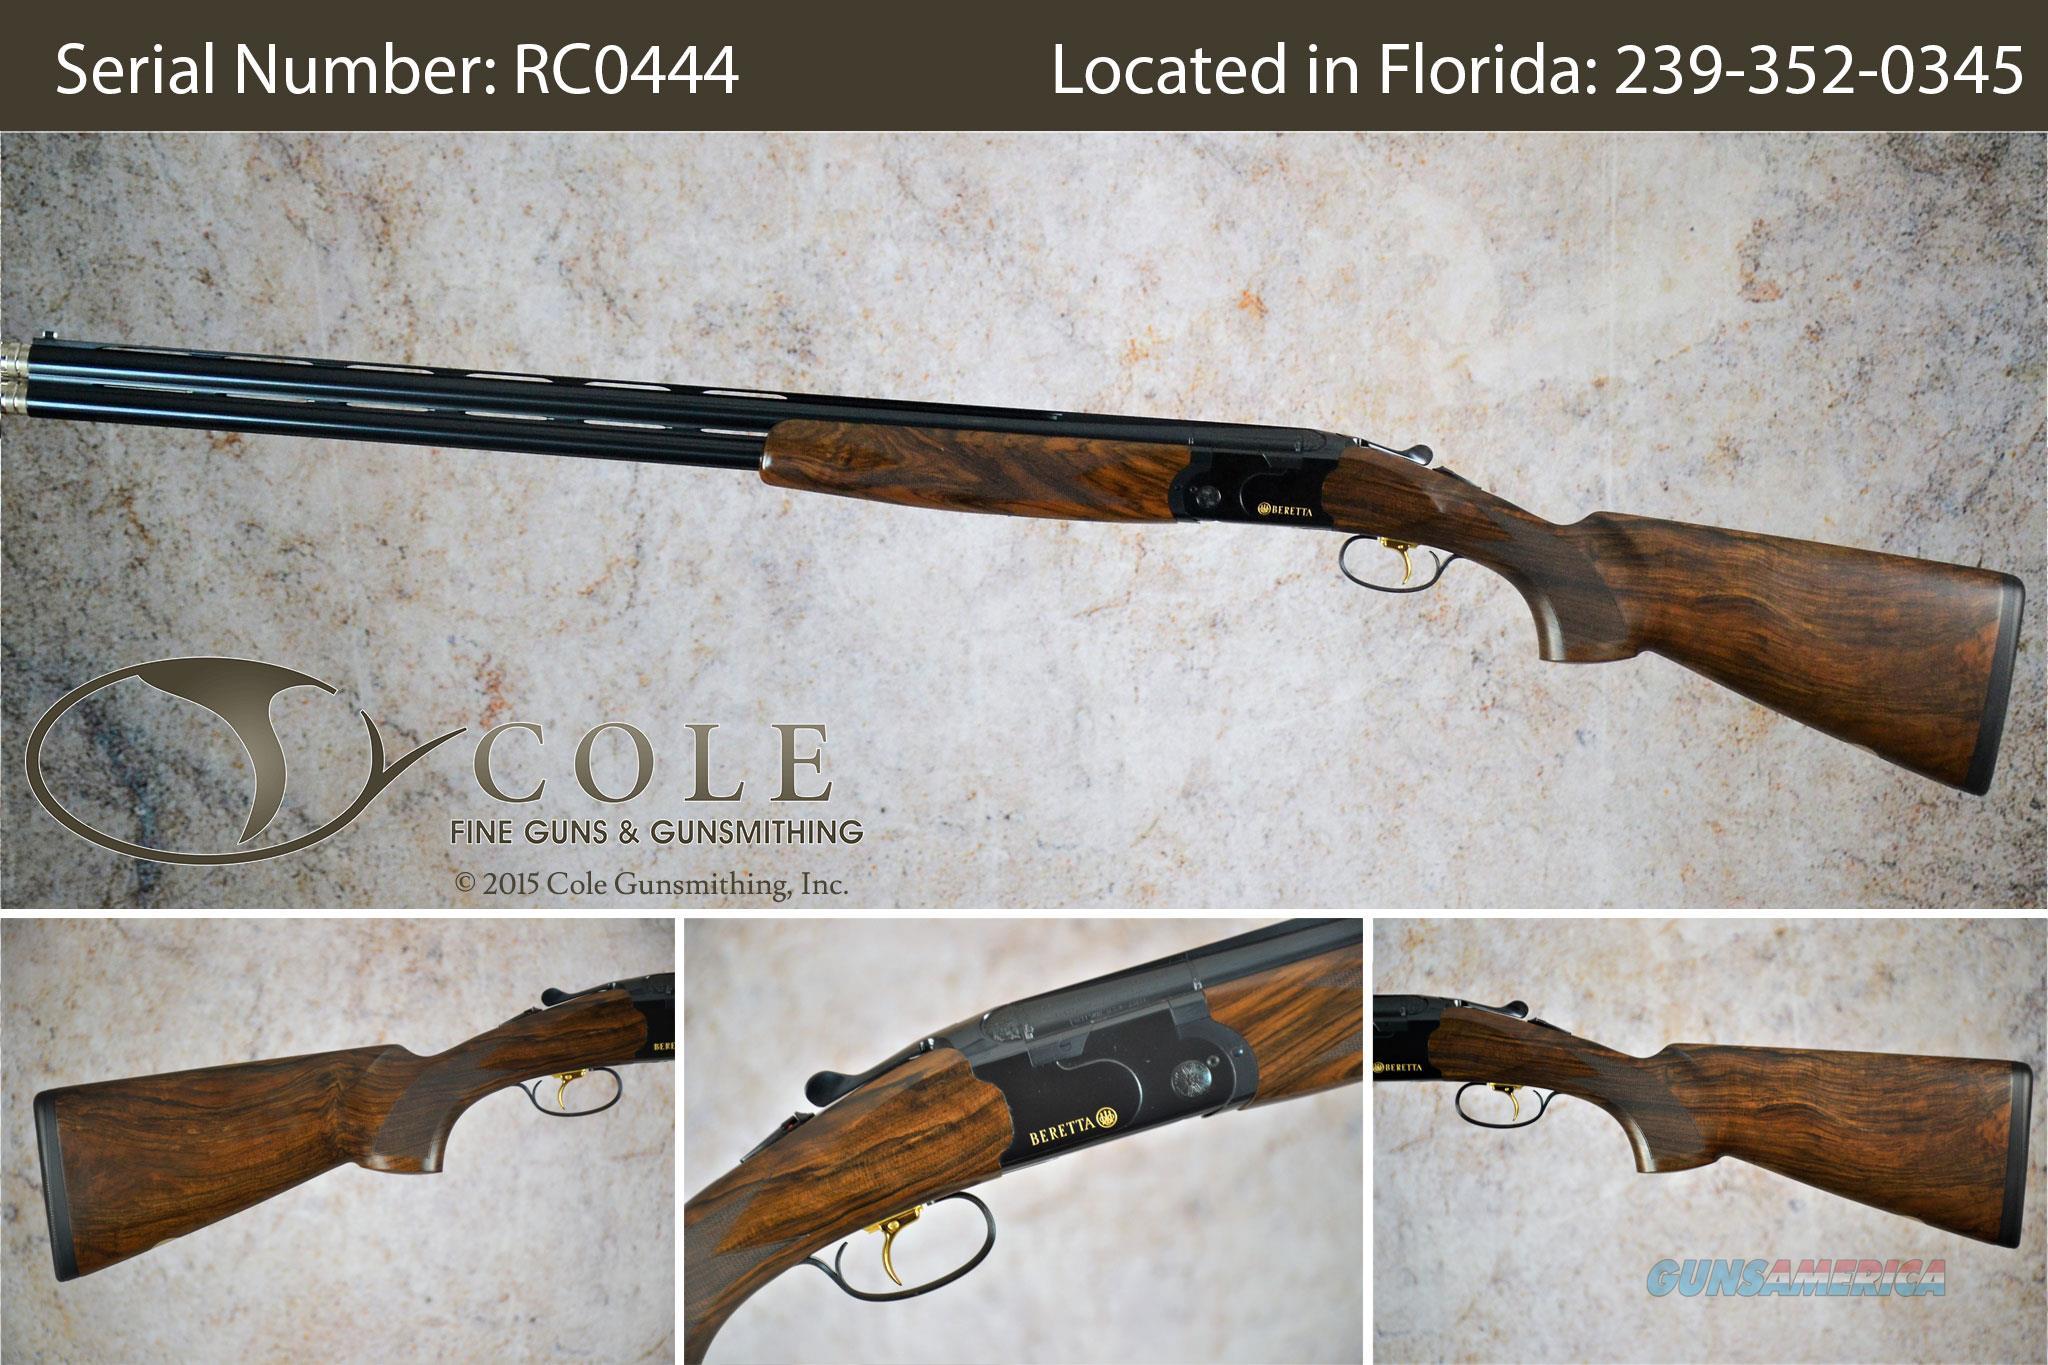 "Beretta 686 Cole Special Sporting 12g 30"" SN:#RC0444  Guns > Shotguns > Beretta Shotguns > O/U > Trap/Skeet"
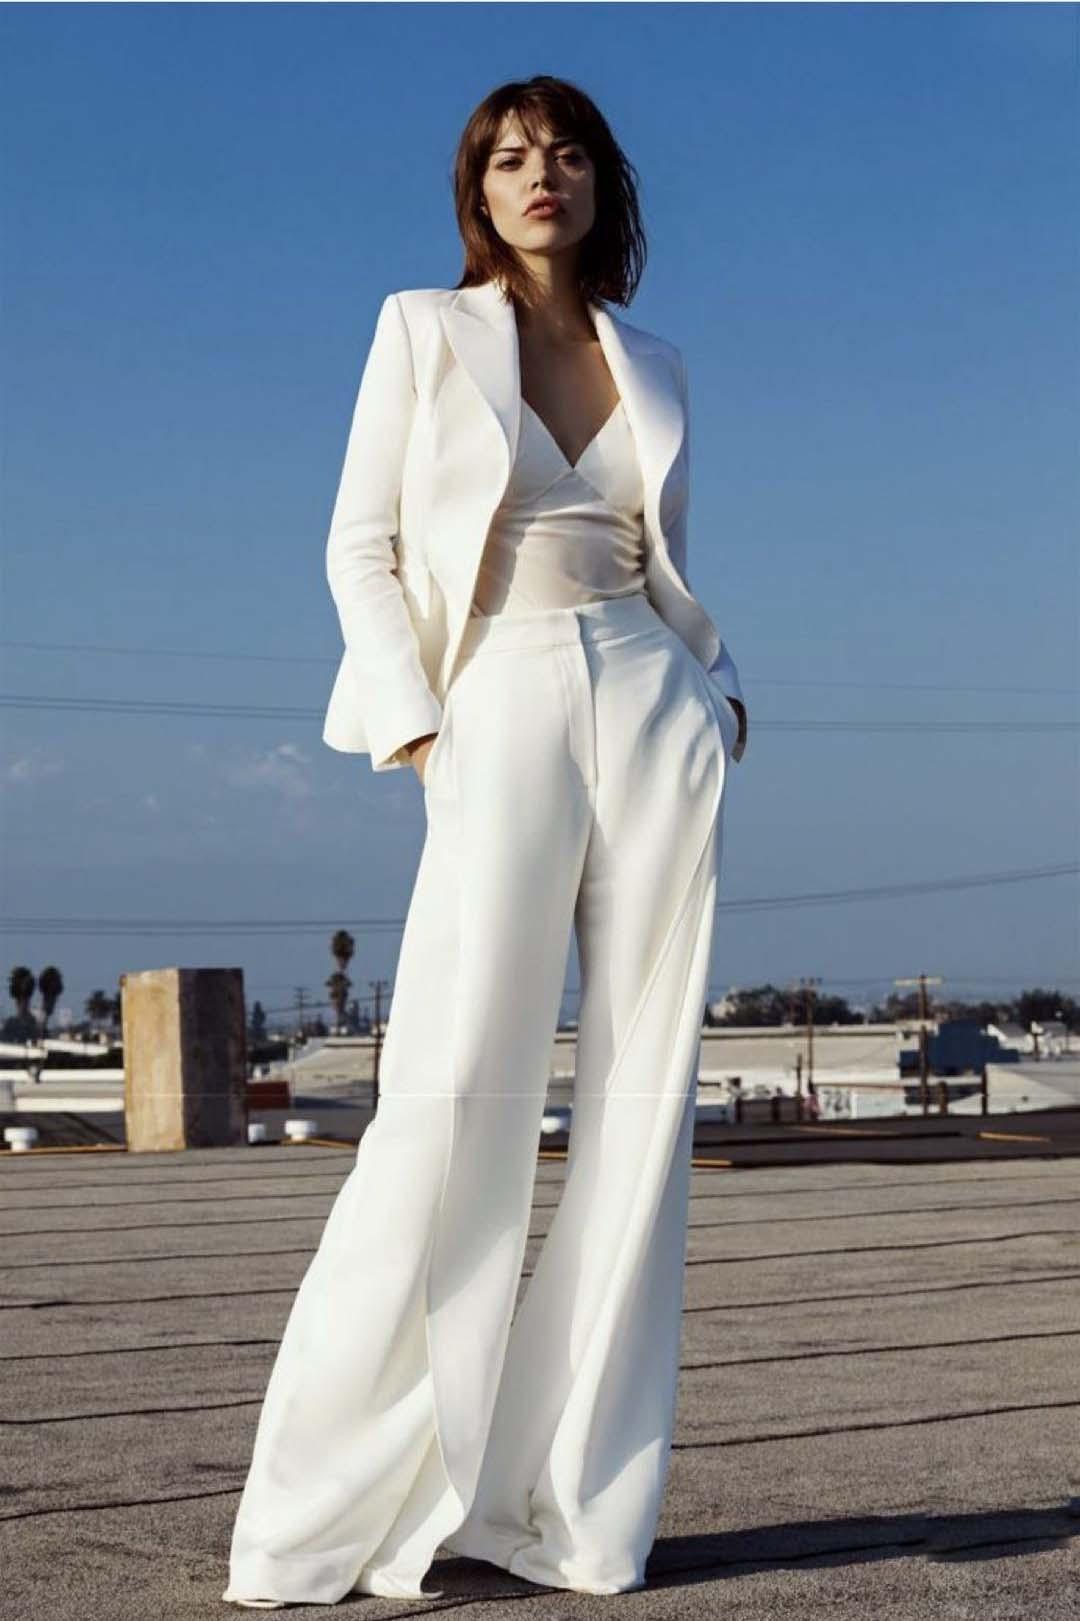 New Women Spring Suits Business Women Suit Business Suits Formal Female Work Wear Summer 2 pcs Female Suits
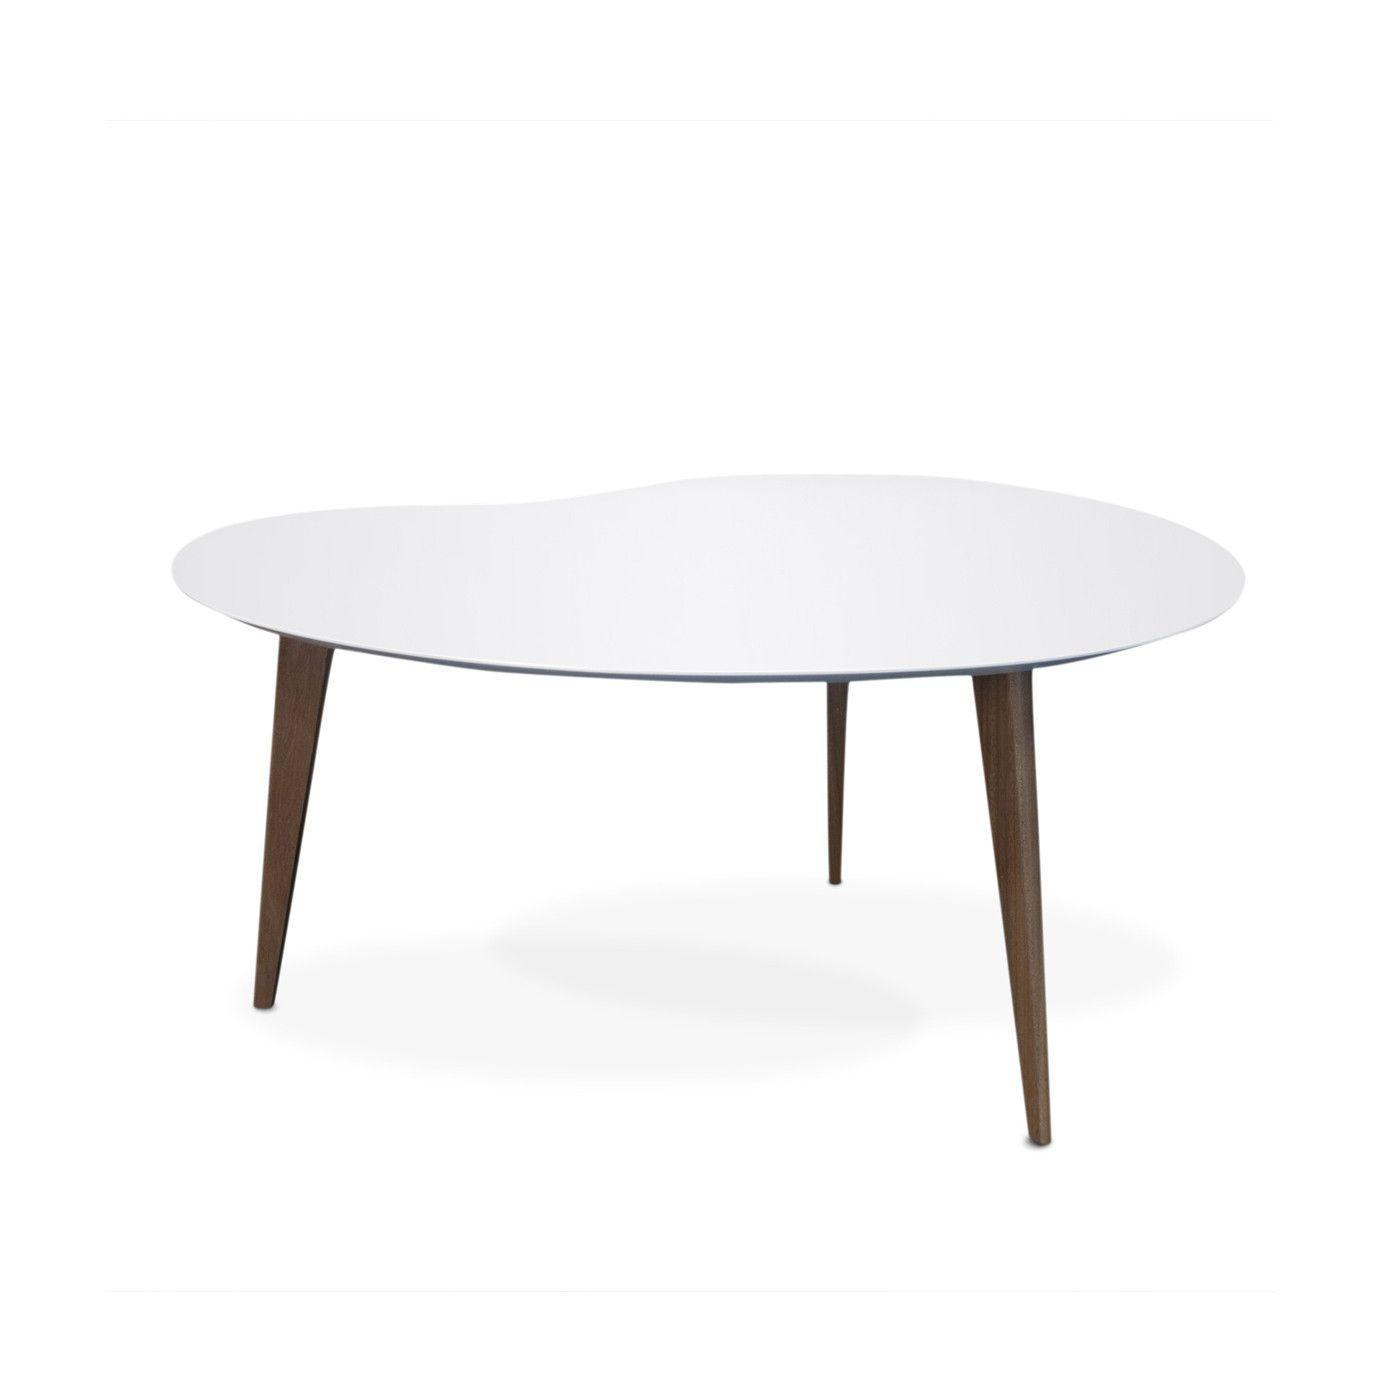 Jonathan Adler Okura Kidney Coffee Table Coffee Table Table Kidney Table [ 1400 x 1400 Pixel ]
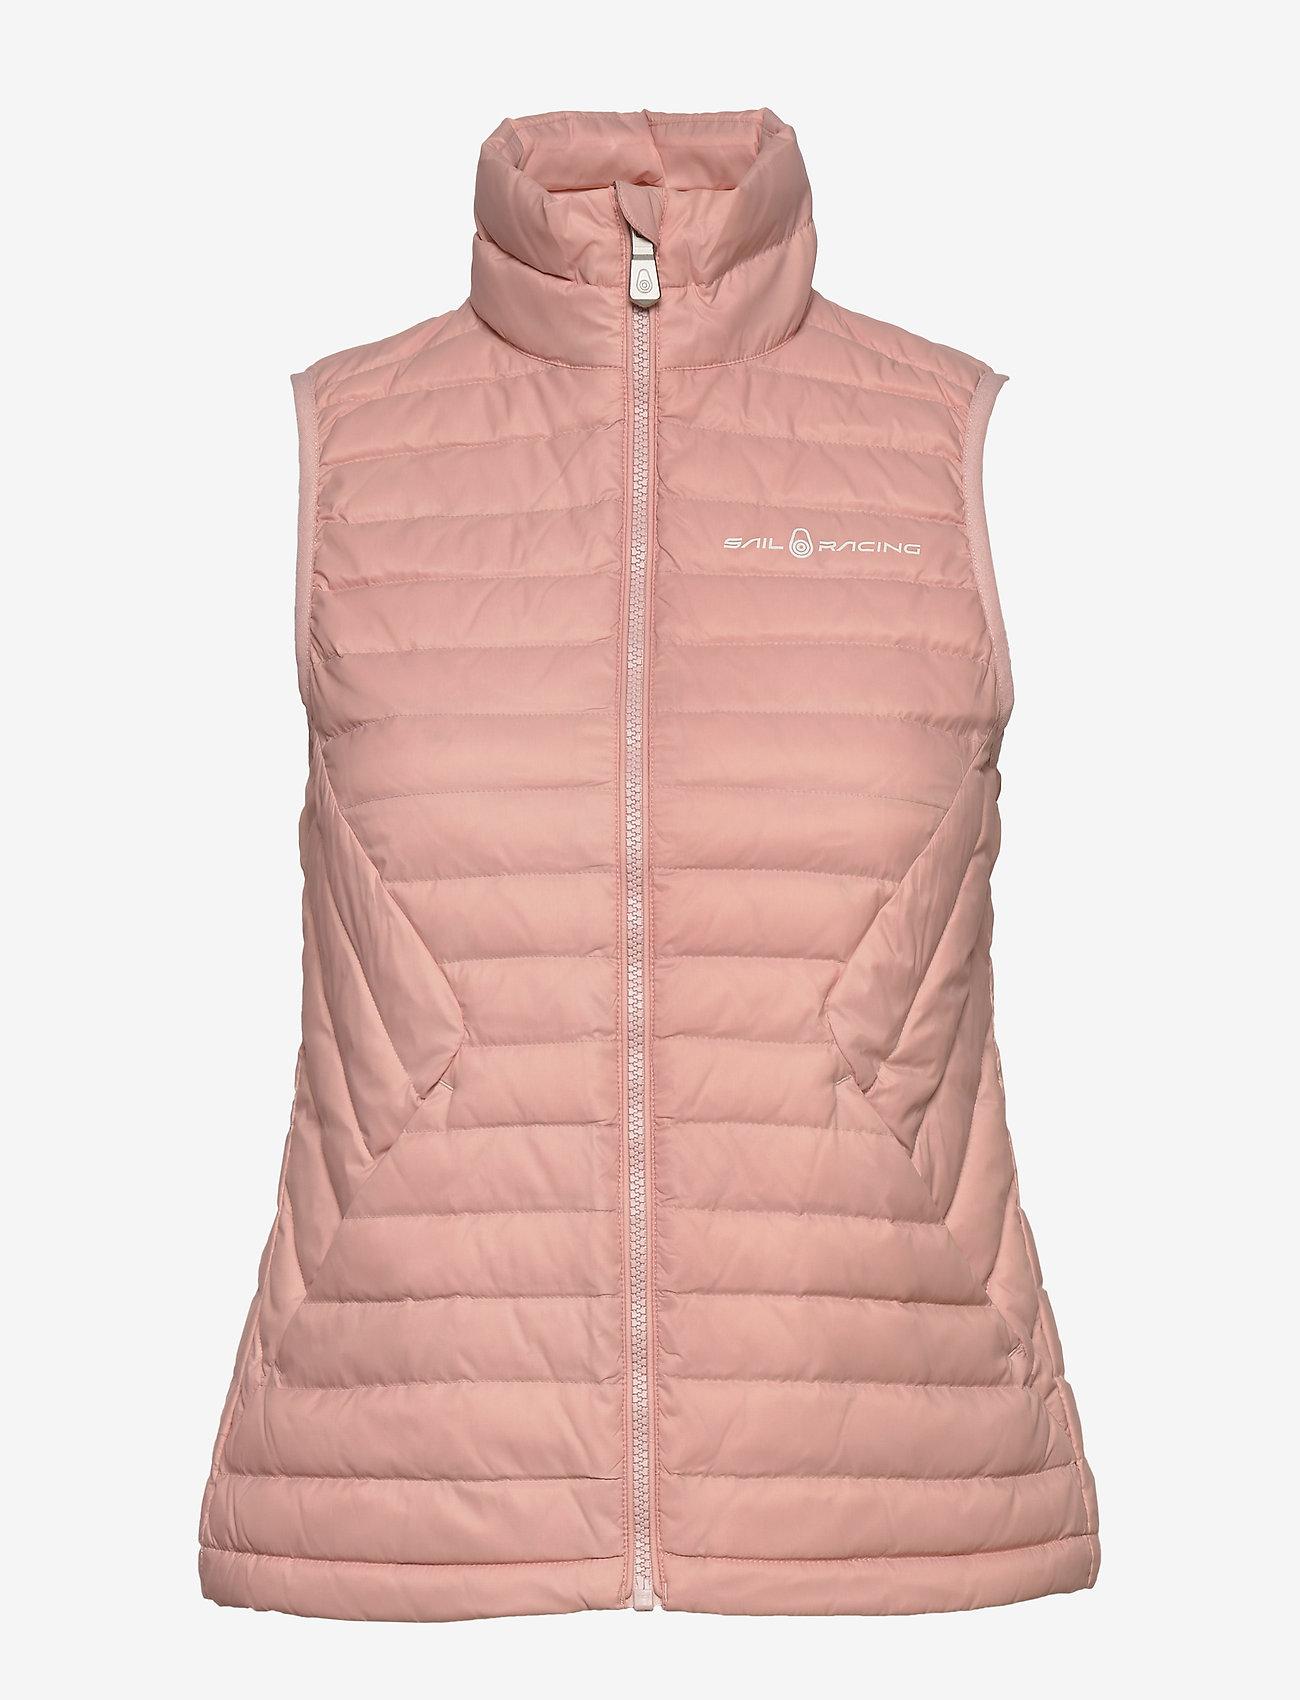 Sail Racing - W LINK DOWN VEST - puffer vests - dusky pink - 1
----------------
Your objective: Your task is to quote exactly the lines from the one with "Jonathan Adler Okura" through the end of the material, both included, without reproducing any pictures.

Answer box:
 Jonathan Adler Okura Kidney Coffee Table Coffee Table Table Kidney Table [ 1400 x 1400 Pixel ]
 Sail Racing - W LINK DOWN VEST - puffer vests - dusky pink - 1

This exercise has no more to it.